A proposed city-owned child-care facility has passed its first hurdle, but not without some pushback from a few councillors.
Staff presented the idea to council this week, suggesting the property at 6570 Deer Lake Ave. as the most viable option. That property is currently occupied by the Hill residence, a house that has been determined to be of limited heritage value.
Coun. Colleen Jordan, however, noted that property, bought by the city in 2006, has been slated for refurbishing to preserve the heritage value and for use as a city office building.
“In 2008, the heritage commission brought forward a report to council recommending … that we do a study, for which we apparently paid $20,000, to study an adaptive reuse of the cottage,” Jordan said.
While staff suggests the house is of “low” heritage value, the city bought the property for its heritage value, as it is an important artifact of Burnaby’s history, Jordan said, citing the 2008 report.
She added the 2019 budget included $80,000 to study renovating the cottage and another $800,000 budgeted for the actual renovation – money that was never spent.
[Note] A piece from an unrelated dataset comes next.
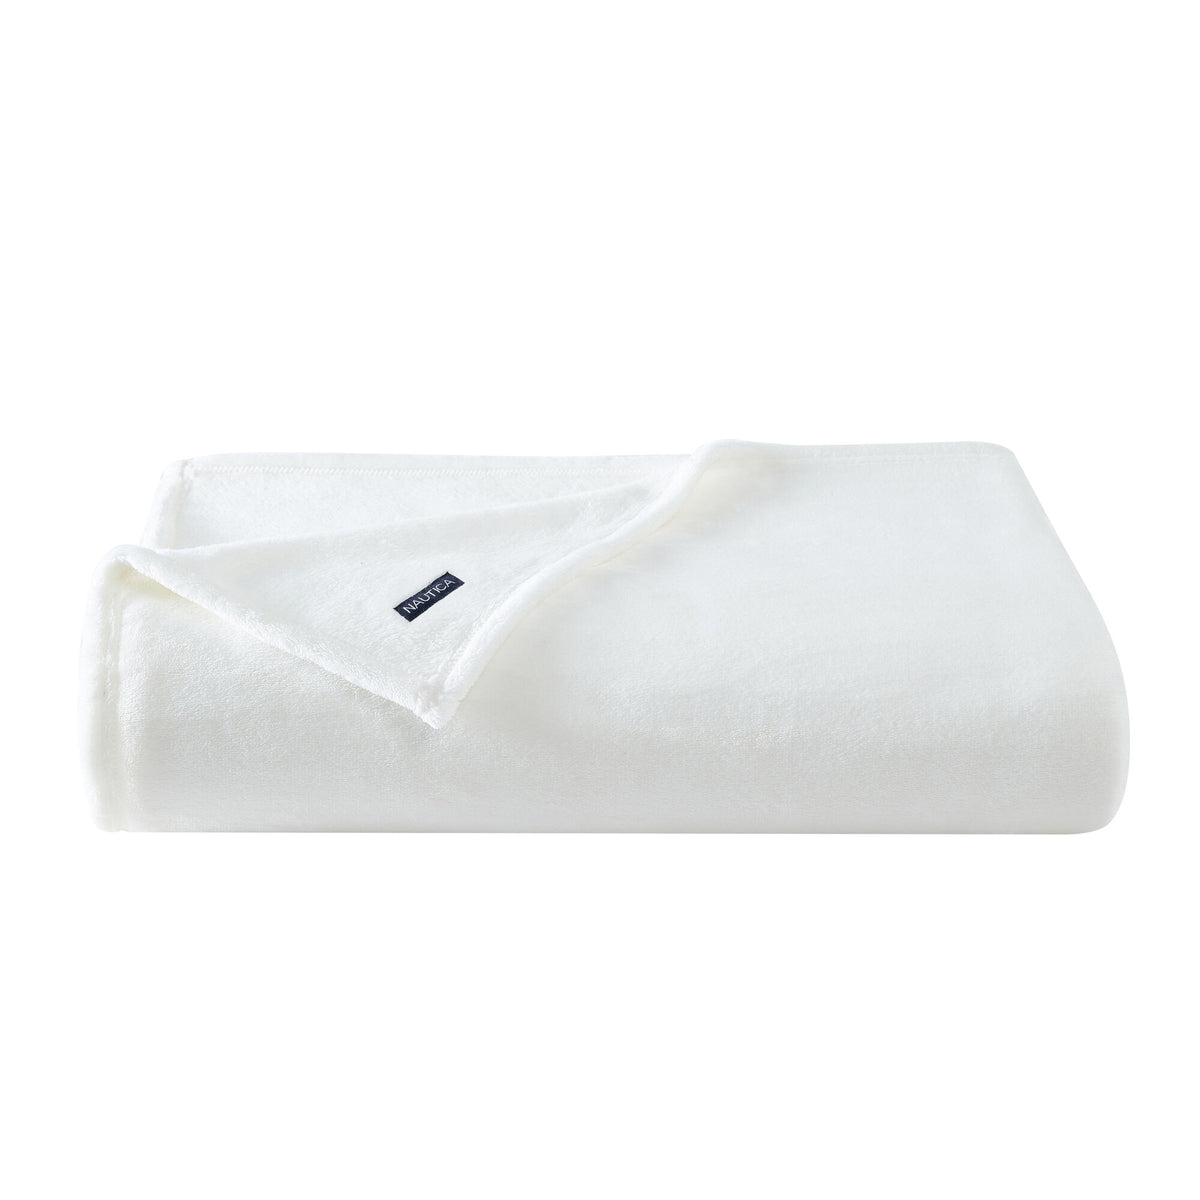 Nautica Solid White Ultra Plush Soft King Blanket Antique White Wash

But only two weeks prior to this week’s meeting, council passed the 2020 budget, which allocated $80,000 for the study and $1 million for renovations.
“I’m just like, ‘What?’ Two weeks ago we passed a budget that said we were going to renovate the cottage,” Jordan said. “Then within days, we have a report saying, ‘Knock it down and build a child-care centre,’ which there’s nothing in this year’s budget that even references building a staff child-care centre.”
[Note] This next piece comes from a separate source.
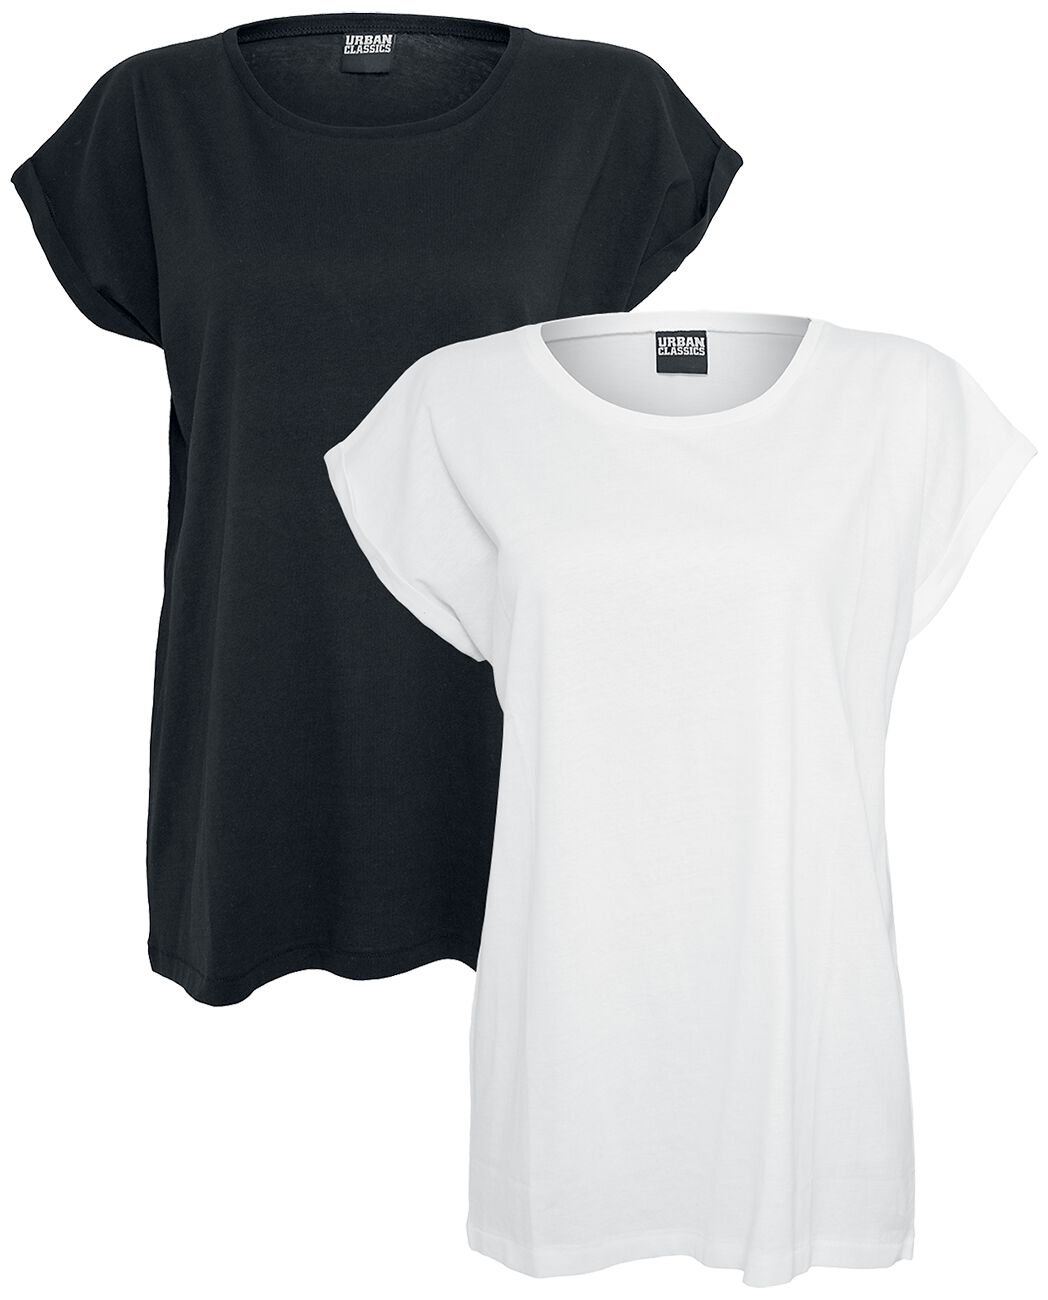 Urban Classics T-Shirt - Ladies Extended Shoulder Tee Double Pack - XS bis XL - für Damen - Größe XL - schwarz/weiß

In the report to council, staff said the funding for putting a child-care centre in that location would be included in the 2021 budget.
“I’m really disturbed about the process around this,” Jordan said.
Coun. Paul McDonell said Deer Lake Avenue in that area is frequently backed up from drivers during the morning and afternoon commutes and “could be dangerous” for children.
Councillors also cited the large trees that occupy the front of the property, which they were concerned would have to be taken out to accommodate a child-care centre.
“I’m really upset about the fact that we’re going to take down 60-, 70-year-old trees that appear reasonably healthy,” Coun. Dan Johnston said, adding he’s “fully supportive” of a city-owned child-care centre for staff. “We have a tree bylaw, which is intended to preserve as much of that as we can, and here we’re taking them down for a building that could be necessarily located elsewhere.”
Coun. Sav Dhaliwal, however, pointed to the need for child care in the region, saying the impact of years-long child-care waitlists makes it challenging for the city to attract young families and staff.
“This is our most appropriate, very easily accessible location there is, now,” he said.
Coun. Pietro Calendino also showed support for the centre at that property, saying staff has put the work in to find the best location.
City manager Lambert Chu told council staff was only able to confirm the location after the budget was approved. He added staff would bring forward a later report on measures to mitigate councillors’ concerns.
Only Johnston and Jordan voted against approving the location and a $3.5-million expenditure to build the centre.